● **Collected data**:
((
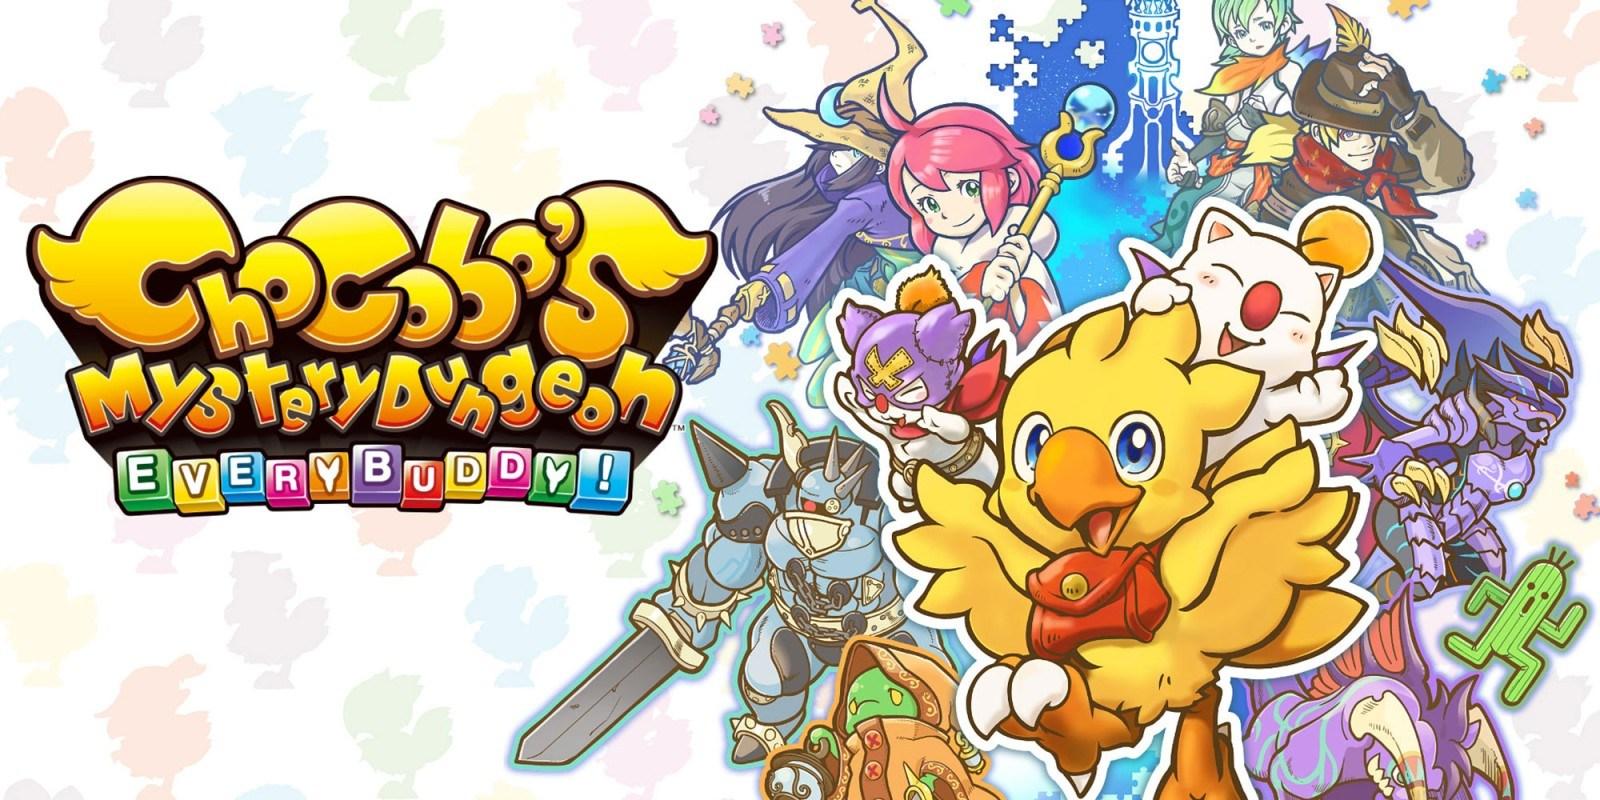 Chocobo's Mystery Dungeon: Everybuddy uscirà il 20 Marzo!
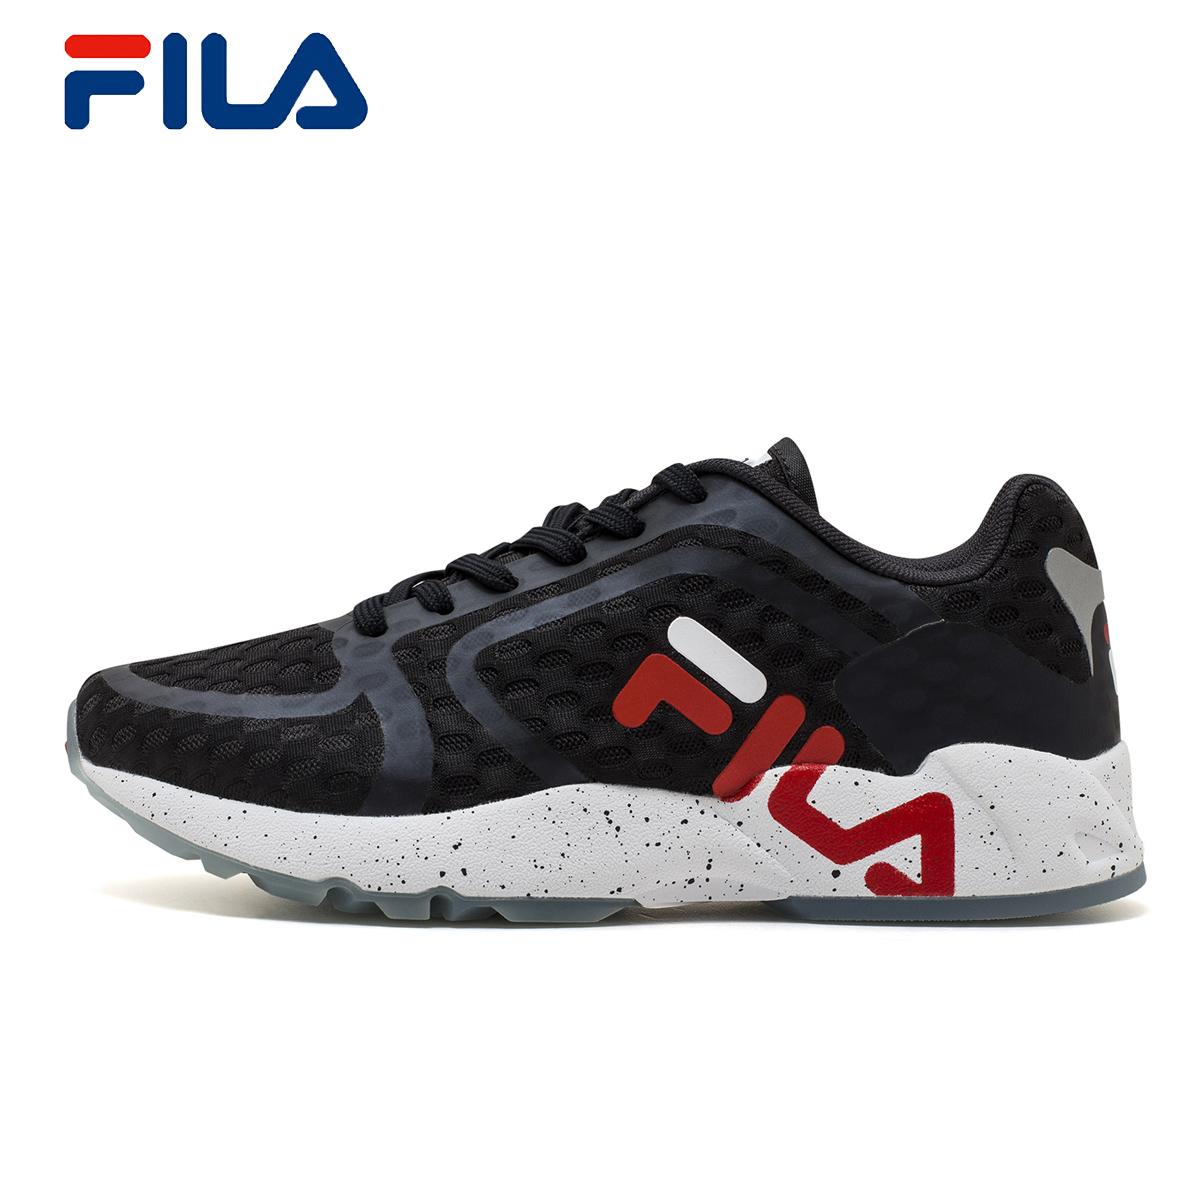 fila womens sneakers. fila women\u0027s shoes 2017 new retro running net surface breathable sneakers female womens
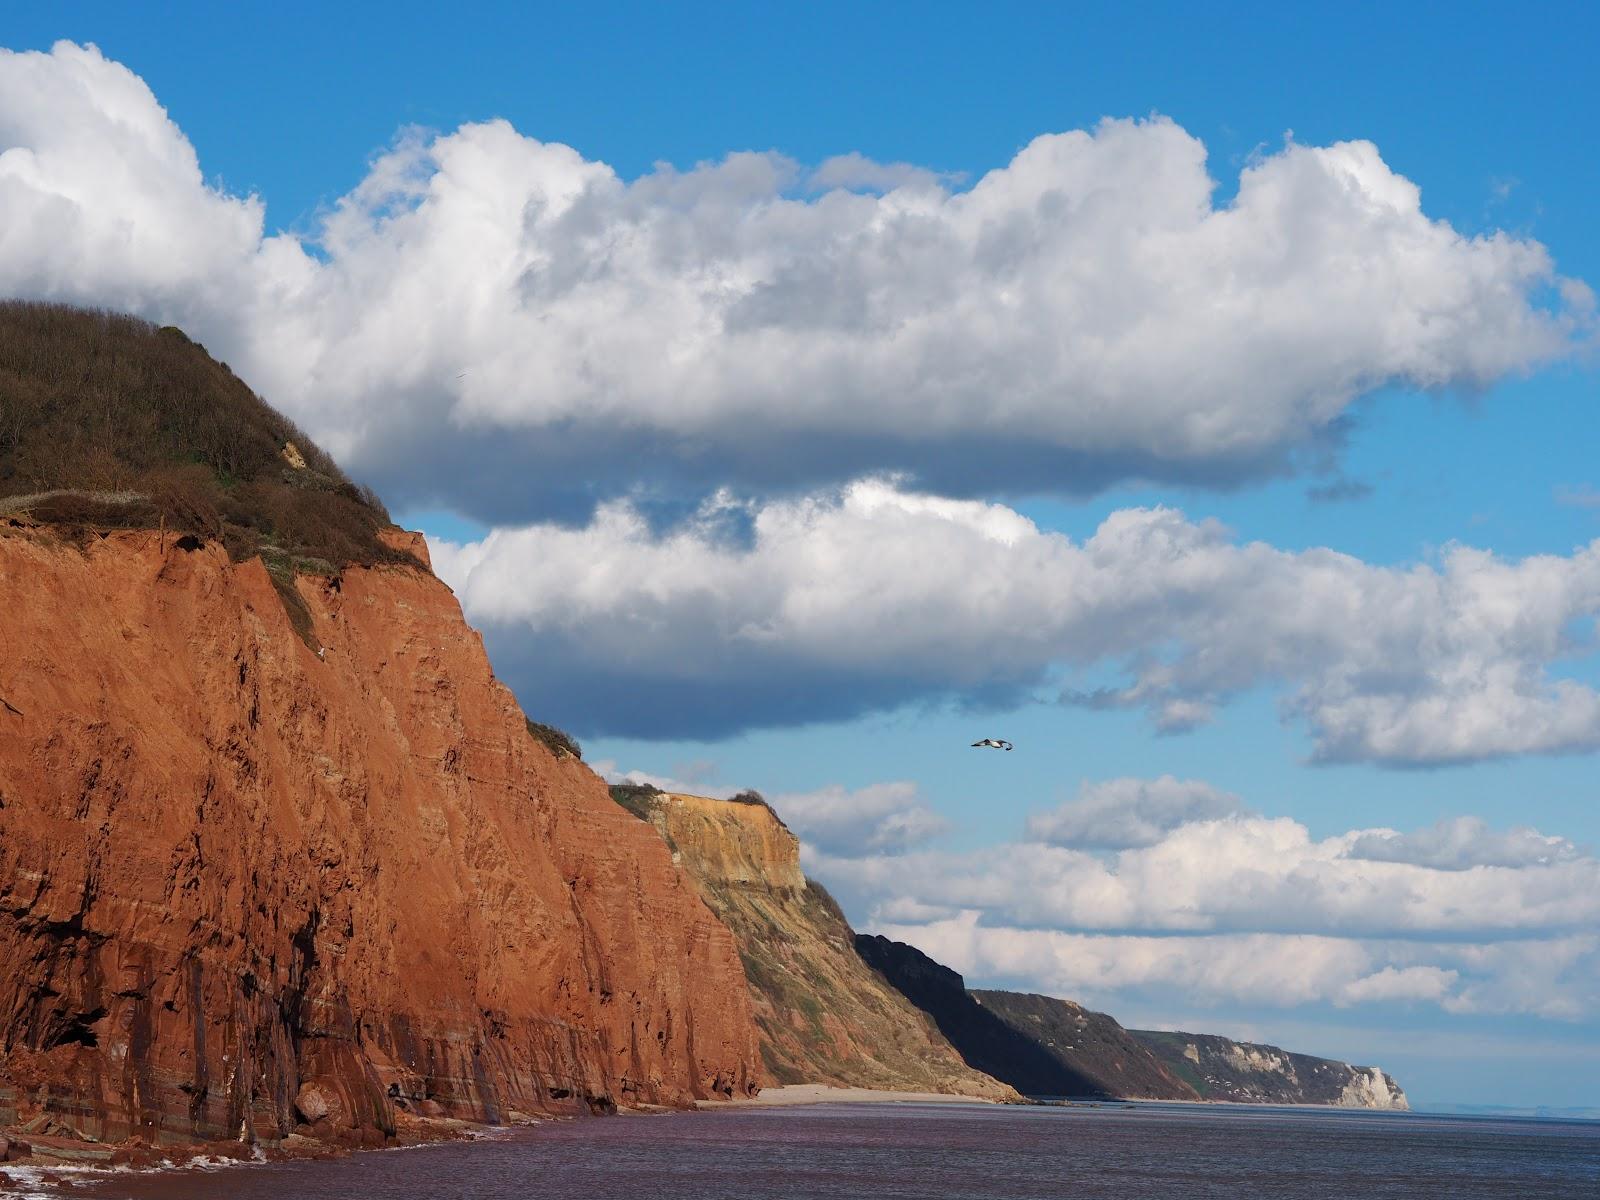 Jurassic Coastline with bright blue sky
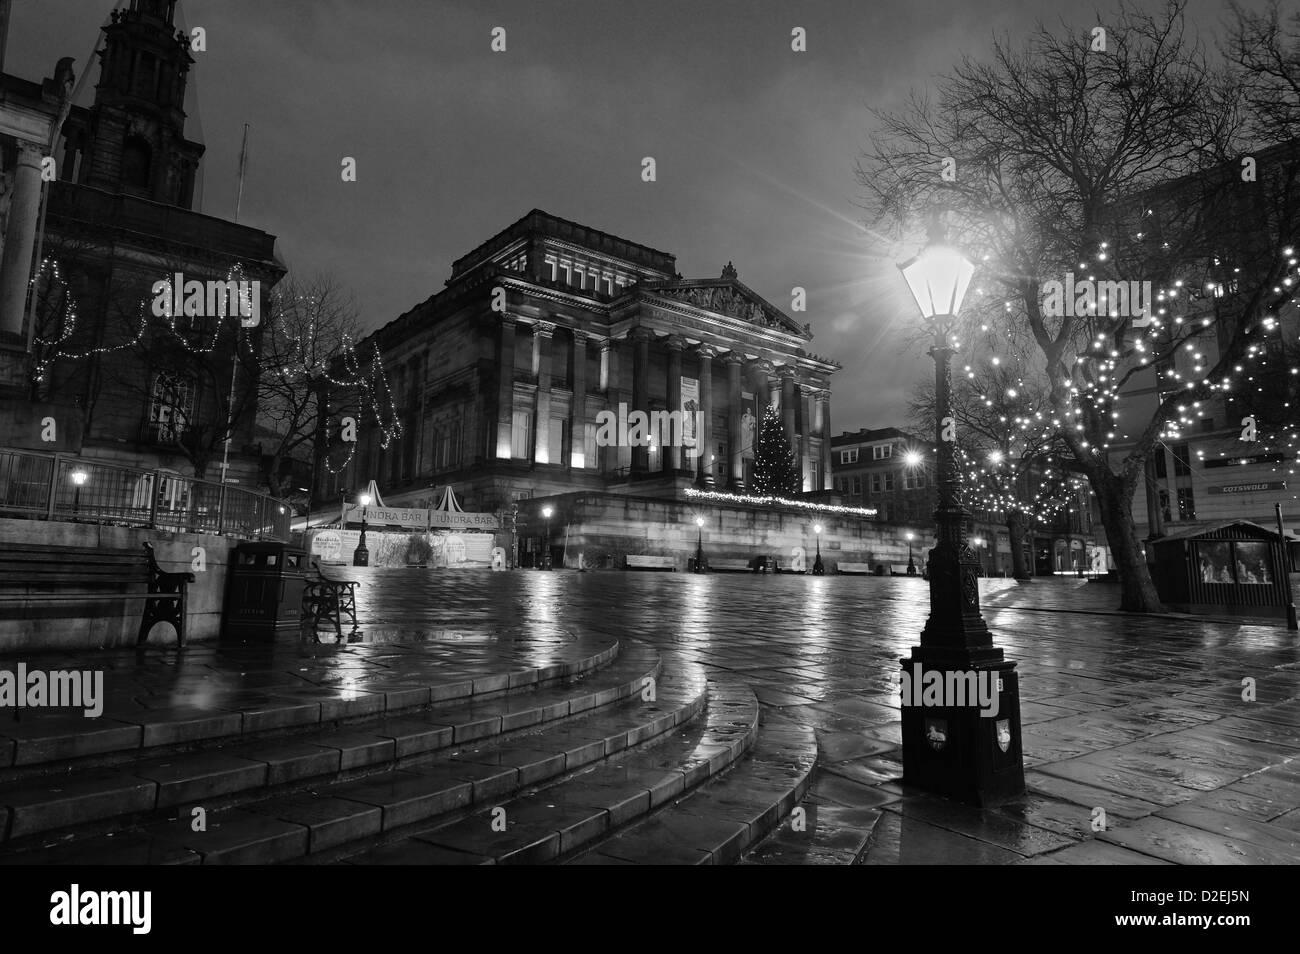 preston city centre, christmas day - Stock Image
))
● **Your assignment**:
Output all the material exactly. The pictures are to be left out.

● **Task output**:
 Chocobo's Mystery Dungeon: Everybuddy uscirà il 20 Marzo!
 fila womens sneakers. fila women\u0027s shoes 2017 new retro running net surface breathable sneakers female womens
 Jurassic Coastline with bright blue sky
 preston city centre, christmas day - Stock Image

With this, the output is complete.